### WORK ORDER
Output, exactly and in full, only the lines from the one containing "JOI Everything You" to the last line of the data. Pictures should not appear.

### DATA BLOCK

----

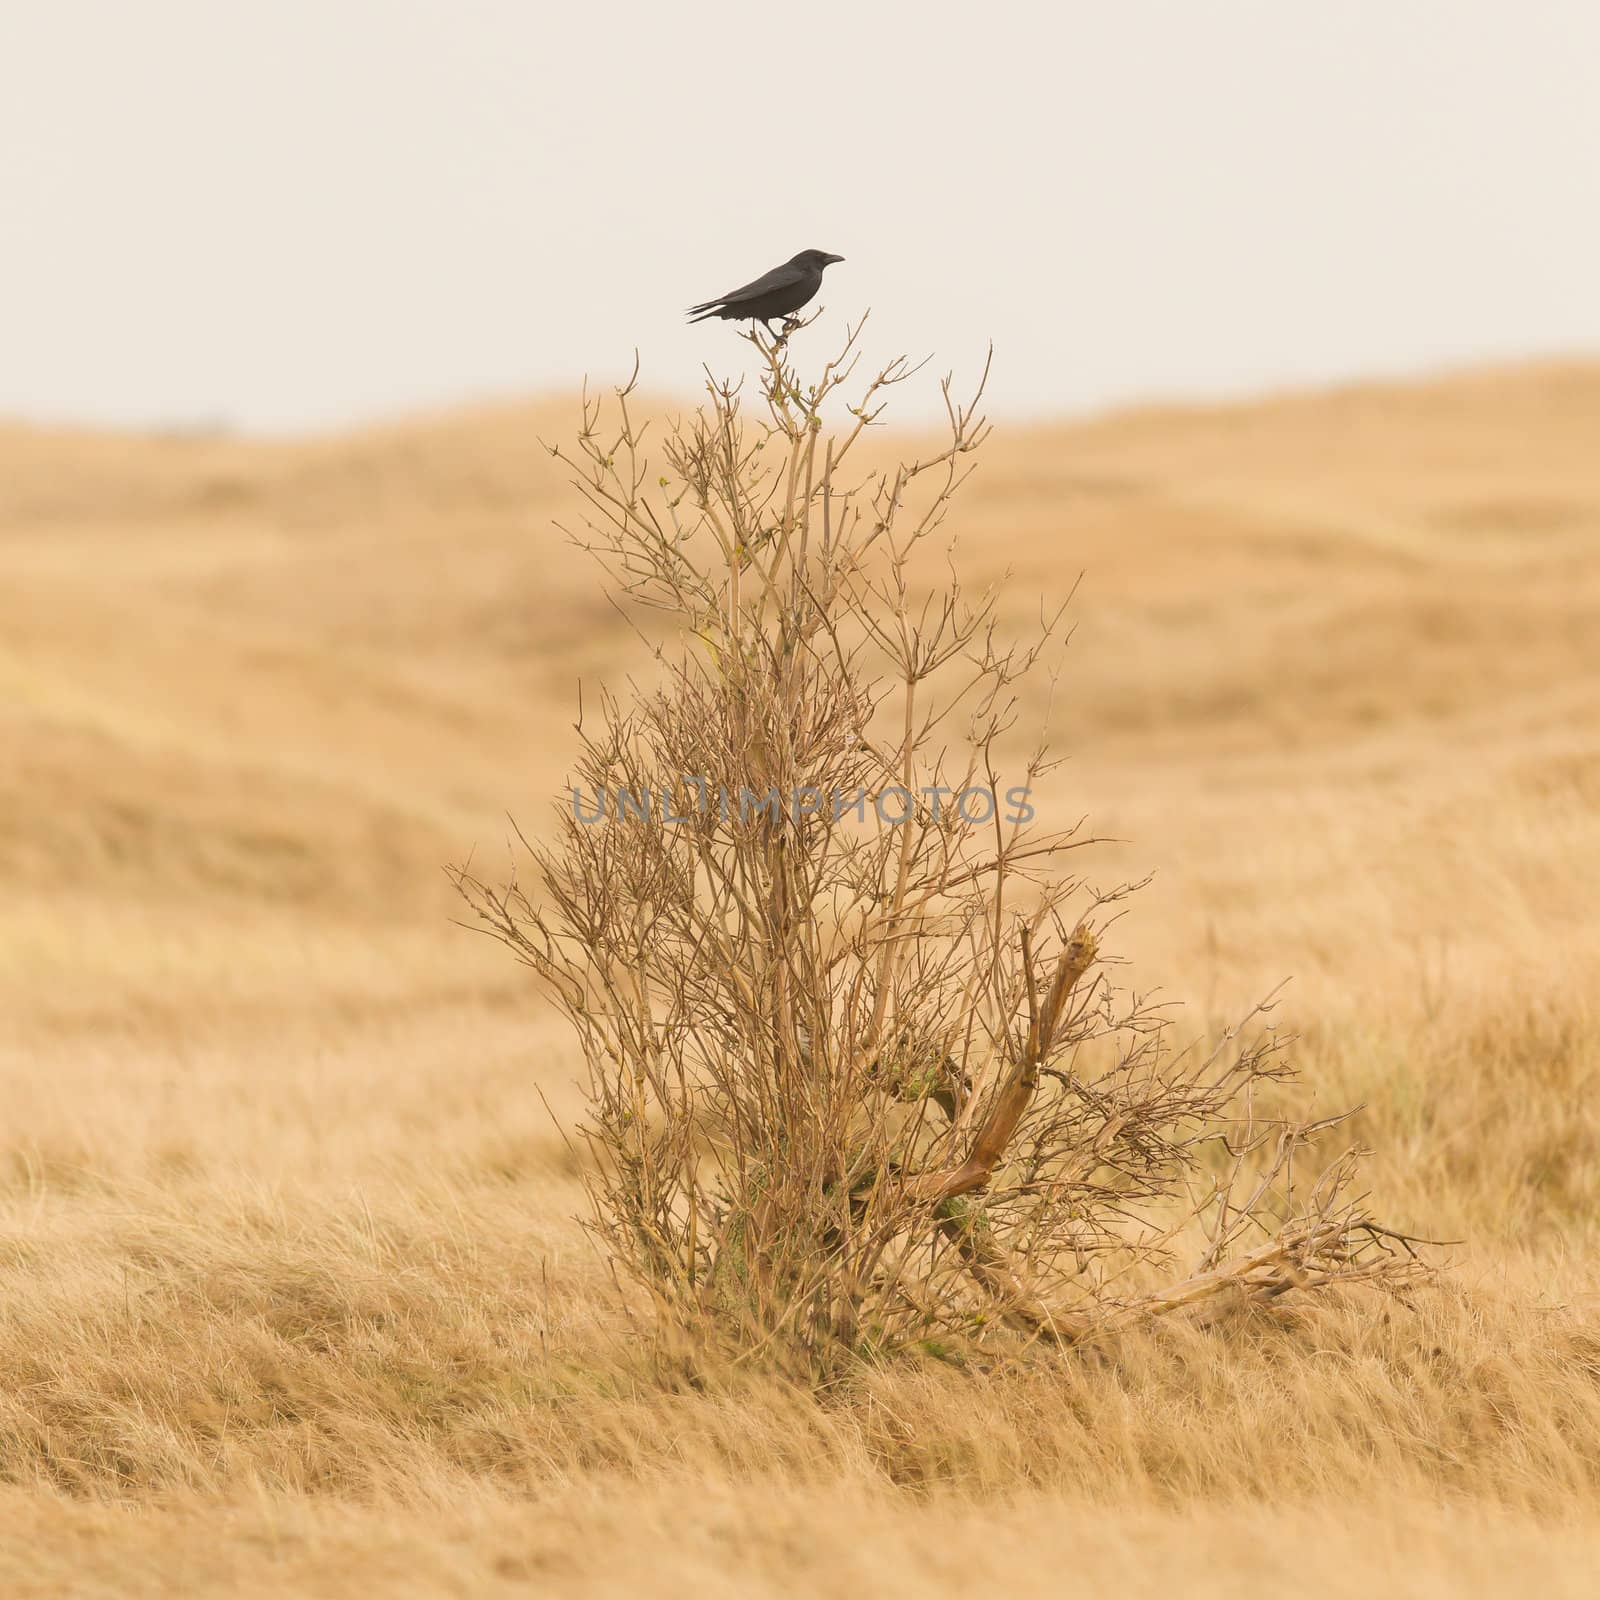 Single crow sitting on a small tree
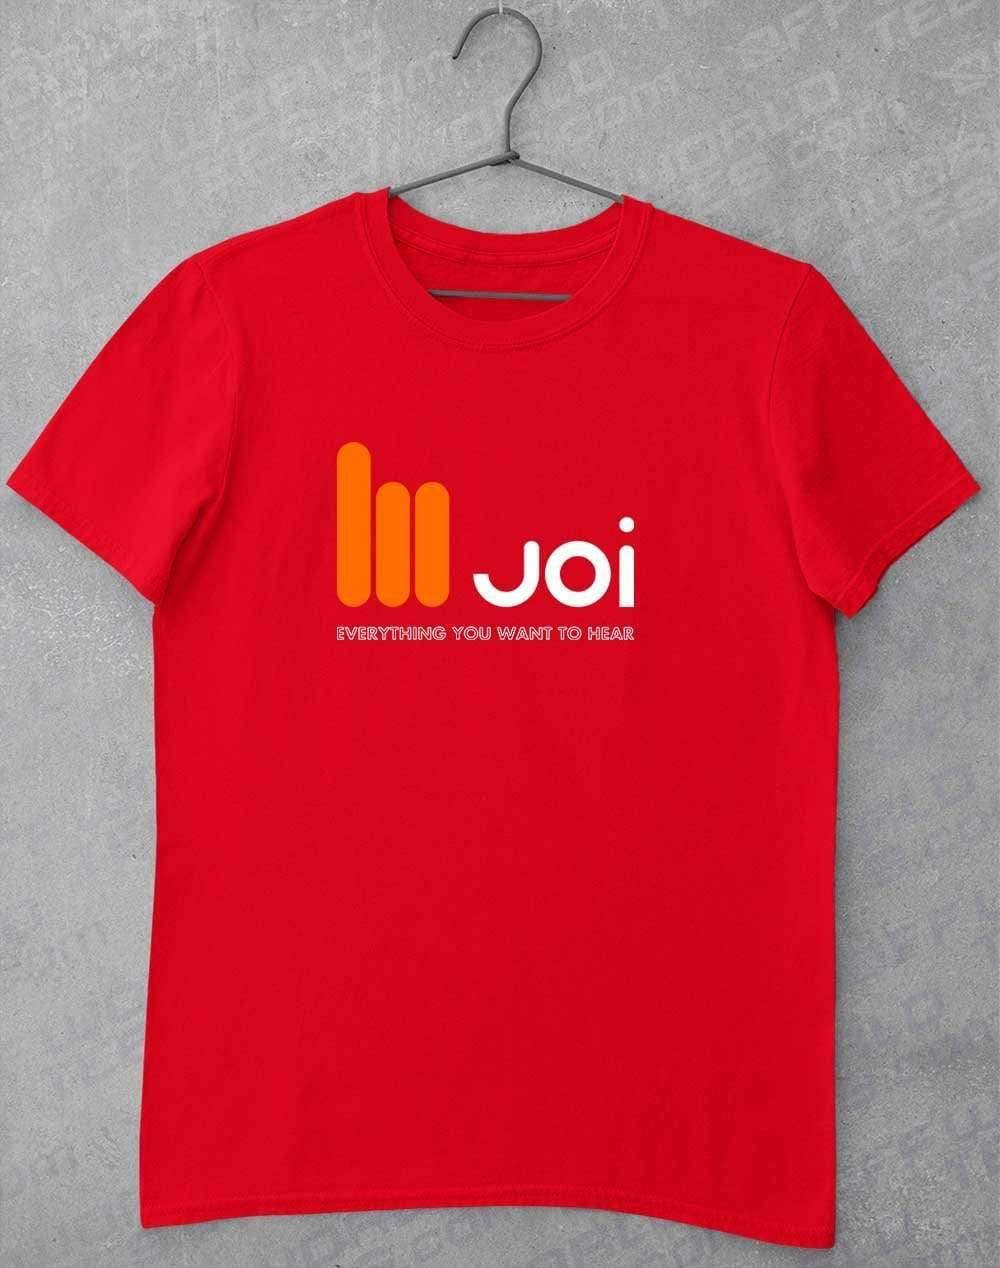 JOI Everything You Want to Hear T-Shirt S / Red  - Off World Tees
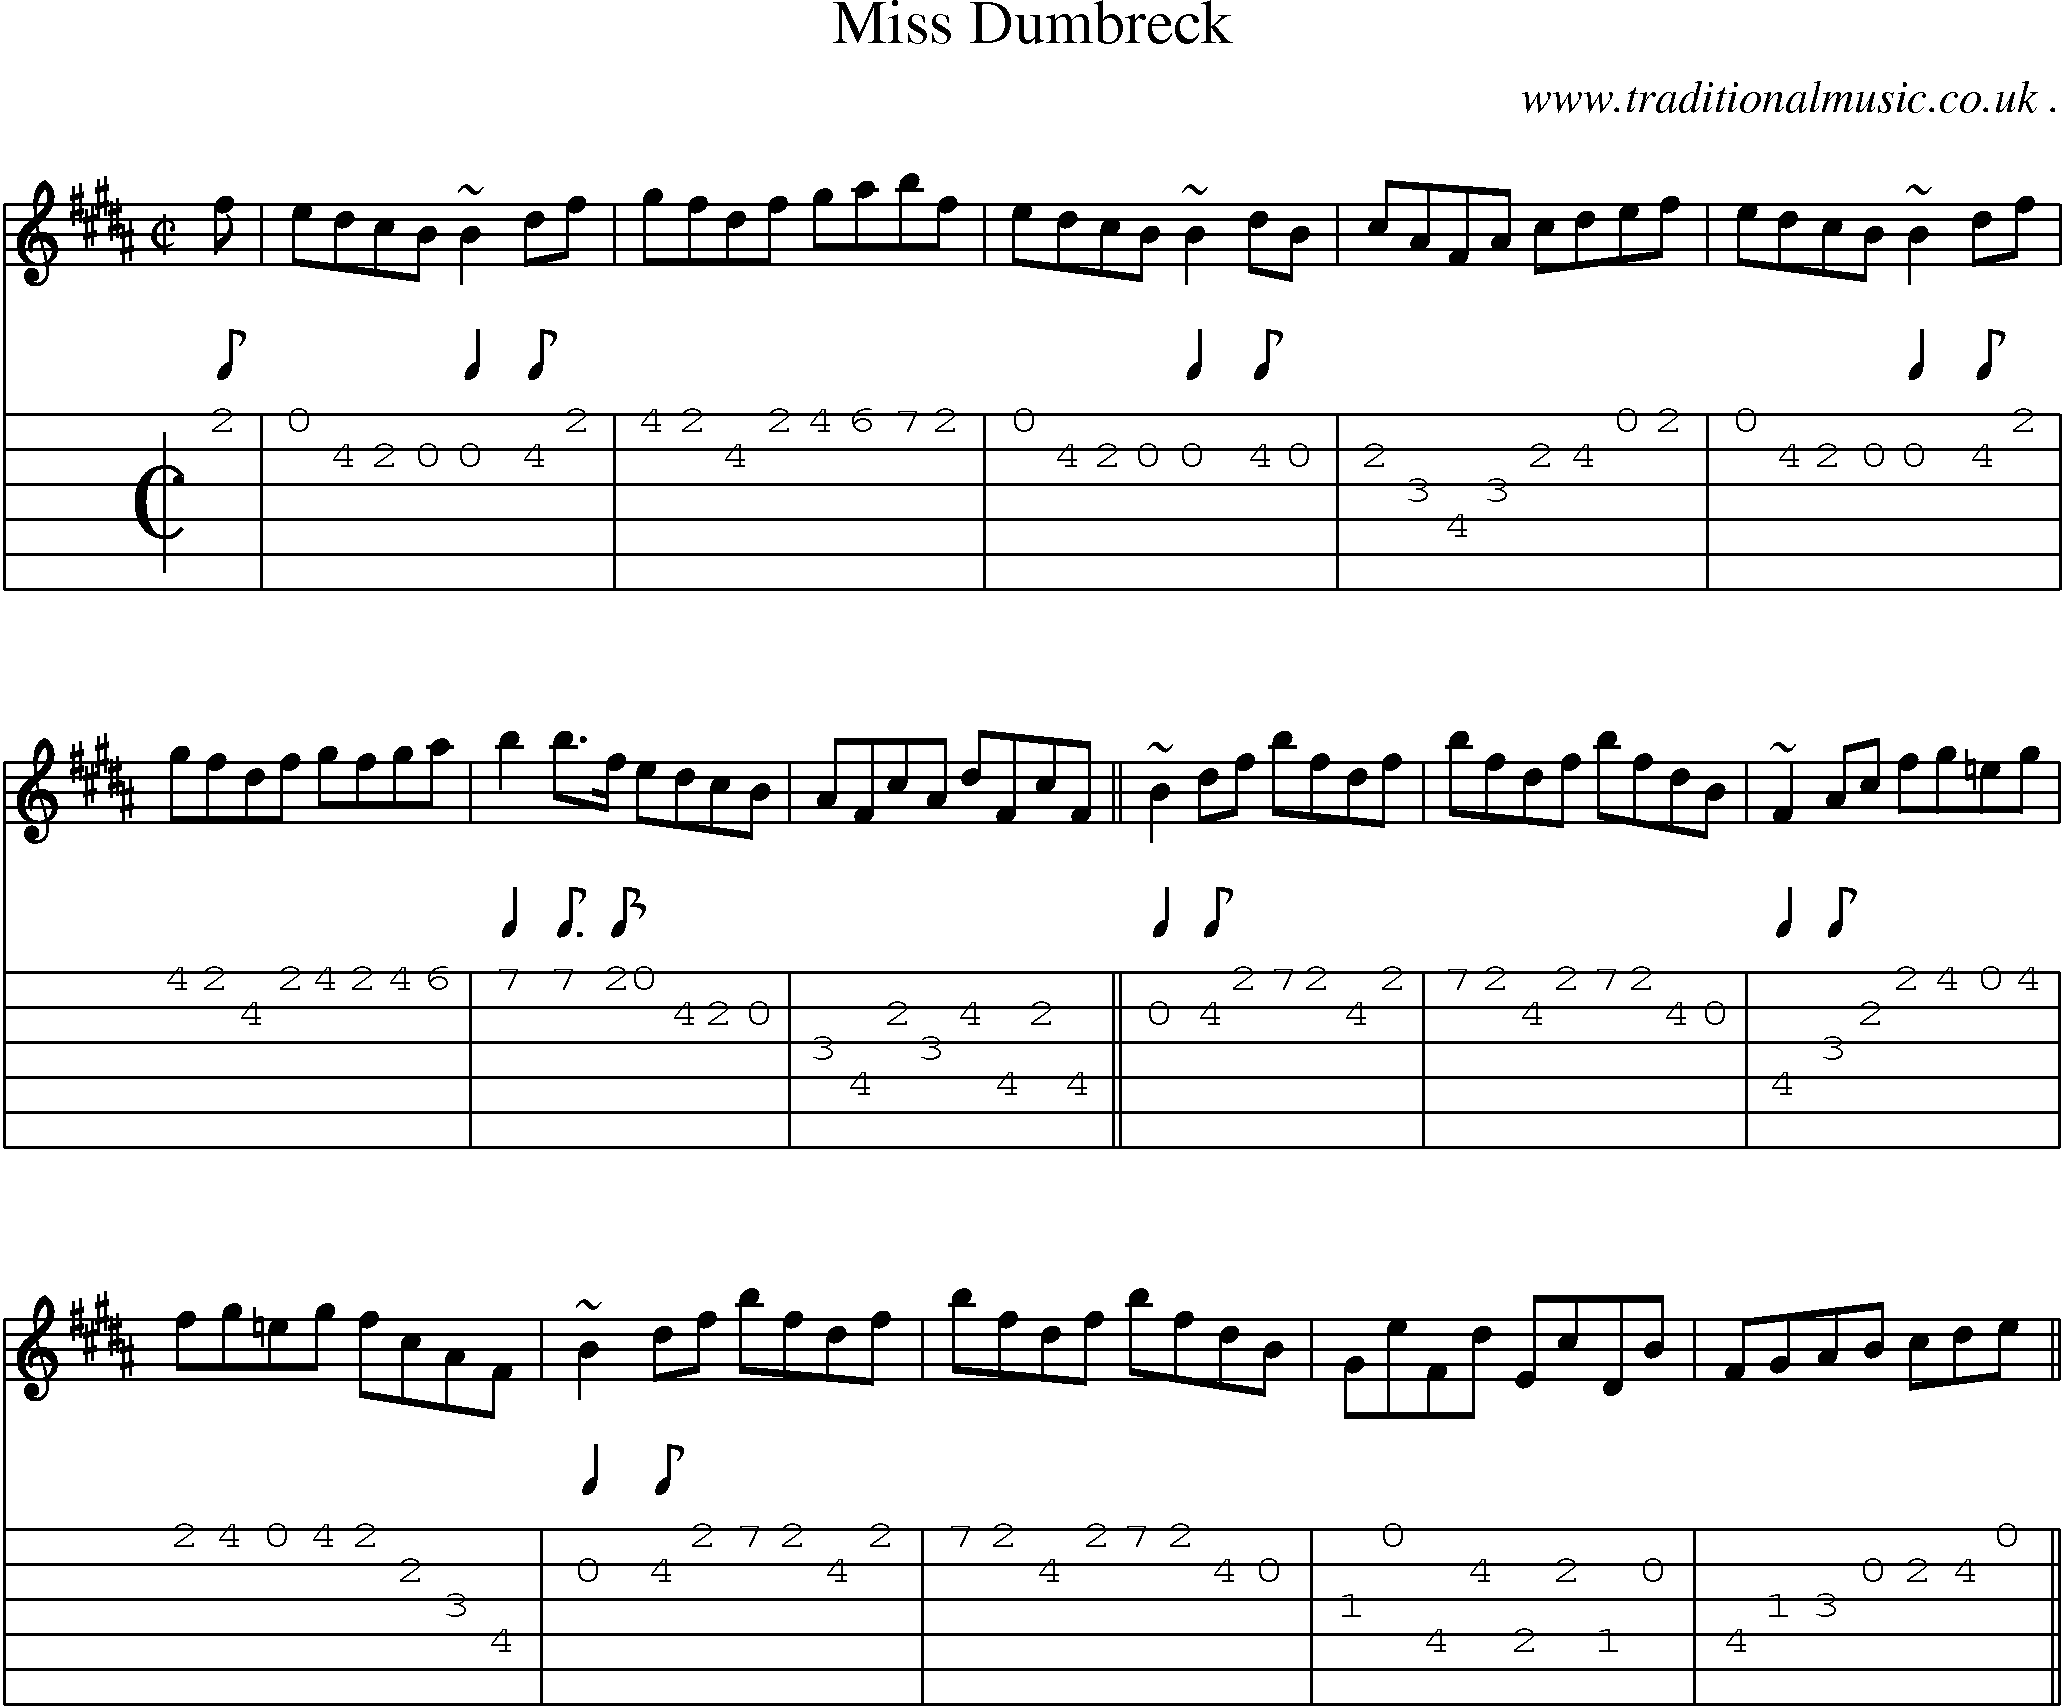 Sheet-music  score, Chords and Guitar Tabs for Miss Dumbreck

----

### WORKED SOLUTION
 JOI Everything You Want to Hear T-Shirt S / Red  - Off World Tees
 Sheet-music  score, Chords and Guitar Tabs for Miss Dumbreck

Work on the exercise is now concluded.